Meldreth's First Car?

Hubert's Straker-Squire car (audio)
John Gipson remembers Hubert Ellis and his Straker-Squire car. Click on the play button to hear John's recollections made in an interview with Angus Bell in September 2010. (3 min 59 sec)
A transcription of this audio clip can be seen at the bottom of this page.
Angus Bell / Tim Gane
En route to Norwich ca 1949
Meldreth Community Archive
Cambridge Evening News 2004
The old Straker-Squire on the back of a lorry at Meldreth Railway Station in 1949 as told by John Gipson in the audio clip above.
Brian Pepper
The Straker-Squire made a guest appearance in the British Queen car park in August 2020 following its return to Cambridgeshire from the US.
Tim Gane
John Gipson remembers Hubert Ellis and his Straker-Squire car. Listen to John's recollection in the audio clip at the top of this page.
Chris Duguid

Meldreth’s first car is believed to have been owned by Hubert Ellis.  It was a 1910 Straker-Squire 15hp ‘Windham’ Detachable Tourer, registered at Cambridge County Council as CE 3728.

Straker-Squire commenced motor vehicle manufacture in around 1901, building steam wagons and later, petrol engined buses. The company was headed by Sidney Straker and L.R.L. Squire, trading as S. Straker & Squire Ltd. of Fishponds, Bristol from 1906-1918, moving to London in 1918 and continuing in business there until 1926. Their first motor cars were built under licence from French-based Cornilleau St Beuve in 1906. However by 1907 they were building cars to their own designs.

1910 was a landmark year for the company with the introduction of the 15hp model, powered by a four-cylinder, side-valve engine with a capacity of 2,853cc, designed by A.H.R. Fedden who had been recruited from the Bristol Motor Co. The car was conventional in all respects, driving through a leather- covered cone clutch to a three-speed gearbox.  Veteran Car Club records noted it to be a 1911 model with later carburettor and Autovac fuel delivery system fitted.. A dashboard plaque confirmed  original supply by Mitchell’s Garage of 114 Wardour Street, London.

After Hubert Ellis’ death in 1942 his nephew,  John Hitch Ellis, asked John Gipson  to take the car to Meldreth railway station from where it was transported by rail to Norwich.

The car later passed to Messrs Johnson and Brown of Bromley, Kent, and later found its way to the USA where it is believed that some restoration was carried out by the mayor of Colma, San Mateo County, California, Paul Garbini.

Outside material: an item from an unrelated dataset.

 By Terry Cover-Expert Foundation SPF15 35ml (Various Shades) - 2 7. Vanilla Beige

In 2004 the car was sold at auction by Bonhams & Butterfields at Quail Lodge CA for $23,989 including premium. Rumours that the car had returned to UK are confirmed by DVLA records (2013) which show that CE3728 is indeed taxed back in its home country.  In 2020 the car changed ownership again and is now in Cambridgeshire.

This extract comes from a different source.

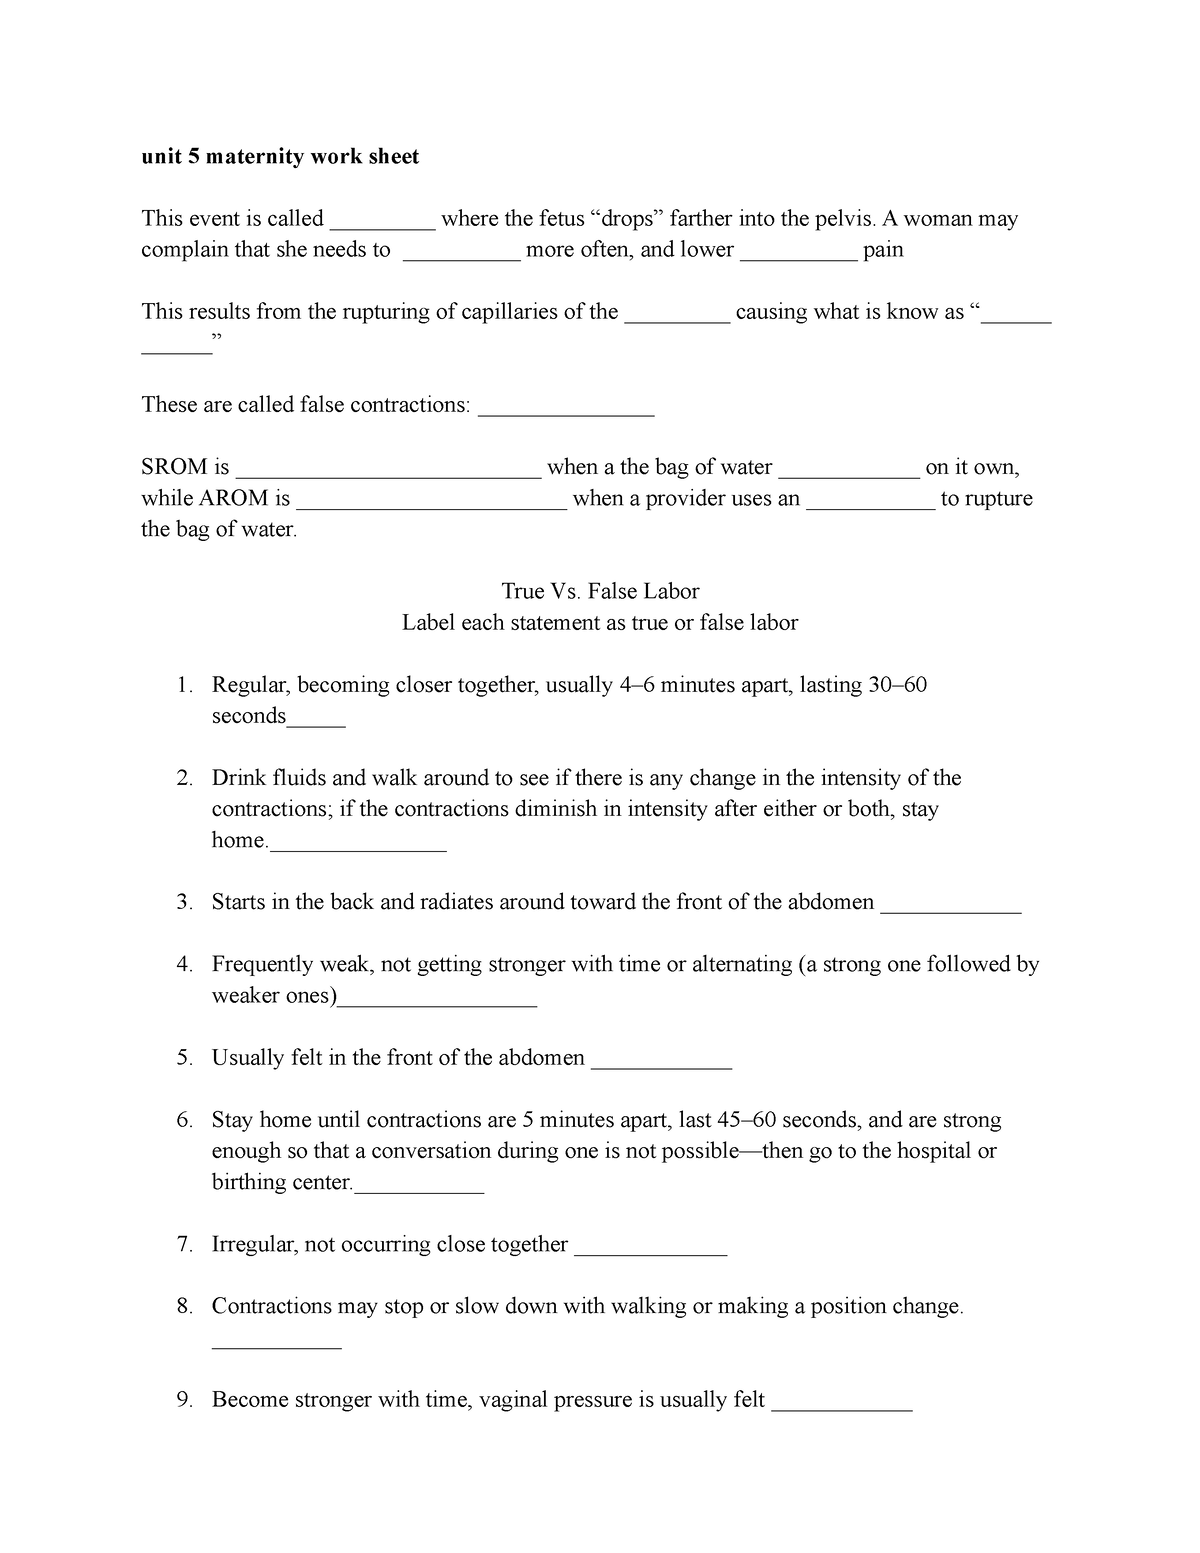 unit-5-worksheet-made-by-professor-for-unit-5-it-is-fill-in-the

On Sunday, 2nd August 2020 the new owner of the Straker-Squire brought the car to Meldreth.  He had seen this page on our website and made contact.  Time had gone full circle and Meldreth’s first car made a special guest appearance in the The British Queen car park.  After 71 years the grand old lady came home.

Acknowledgement: much of the above technical information is taken from Bonham’s sale catalogue.

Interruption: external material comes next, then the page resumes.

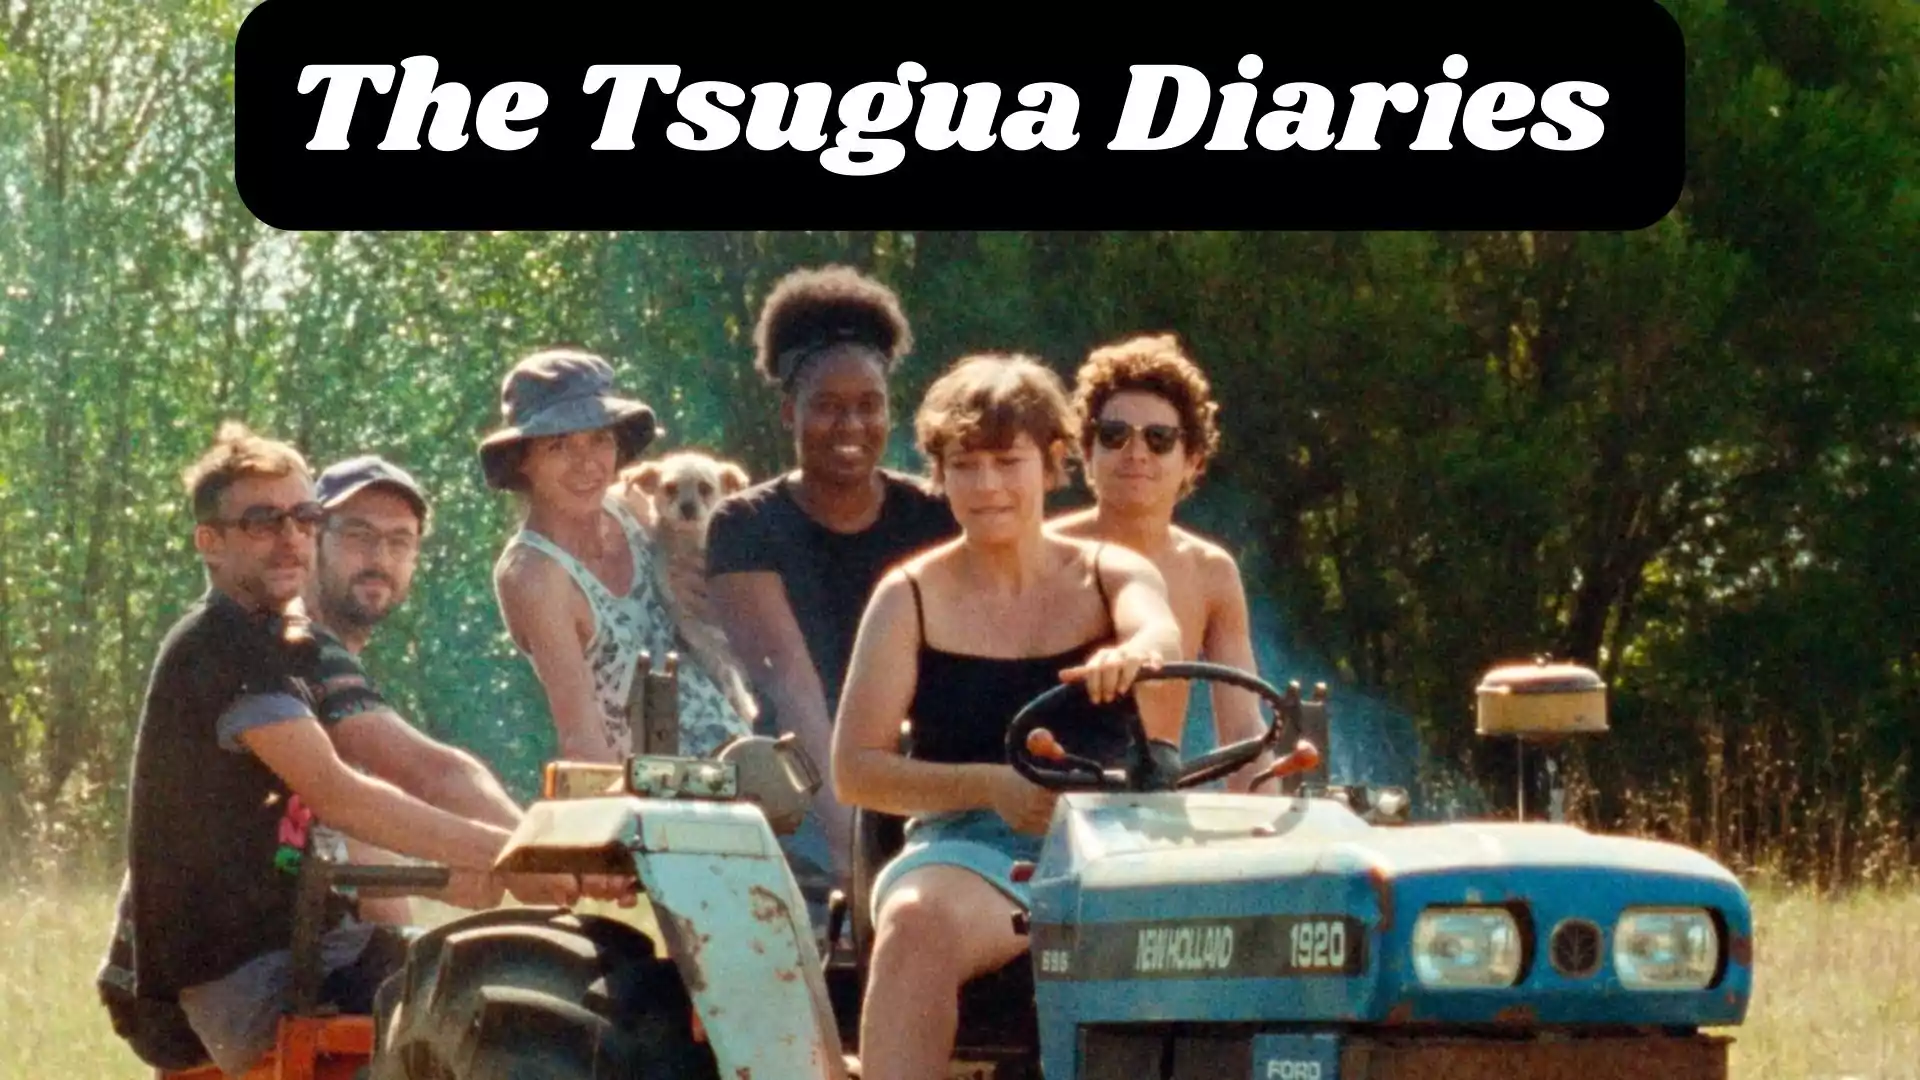 The Tsugua Diaries Parents Guide and Age Rating | 2021

Just over a hundred years after the appearance of Meldreth’s first car, the village’s first electric car was a BMW i3 owned by Jane and Richard Remnant.

John Gipson remembers Hubert’s old Straker-Squire in this transcript of an interview given to Angus Bell on September 23rd 2010.  You can hear John relating the story by clicking on the play button on the audio clip on the top of this page:

Angus: “There are some stories about Hubert Ellis being very strongly a Conservative?”

John:  “Yes, oh yes.”

Angus:  “And arguing with anybody else who wasn’t?”

John:  “Oh yes.”

Angus:  “Can you remember anything about that?”

John:  “Well, all I can tell you is that he used to go round in his old Straker-Squire car collecting people to take them to the Polling Station and, in fact, when I was asked to put it on the train by his nephew the last licence was 1933. That’s when it was last used.” 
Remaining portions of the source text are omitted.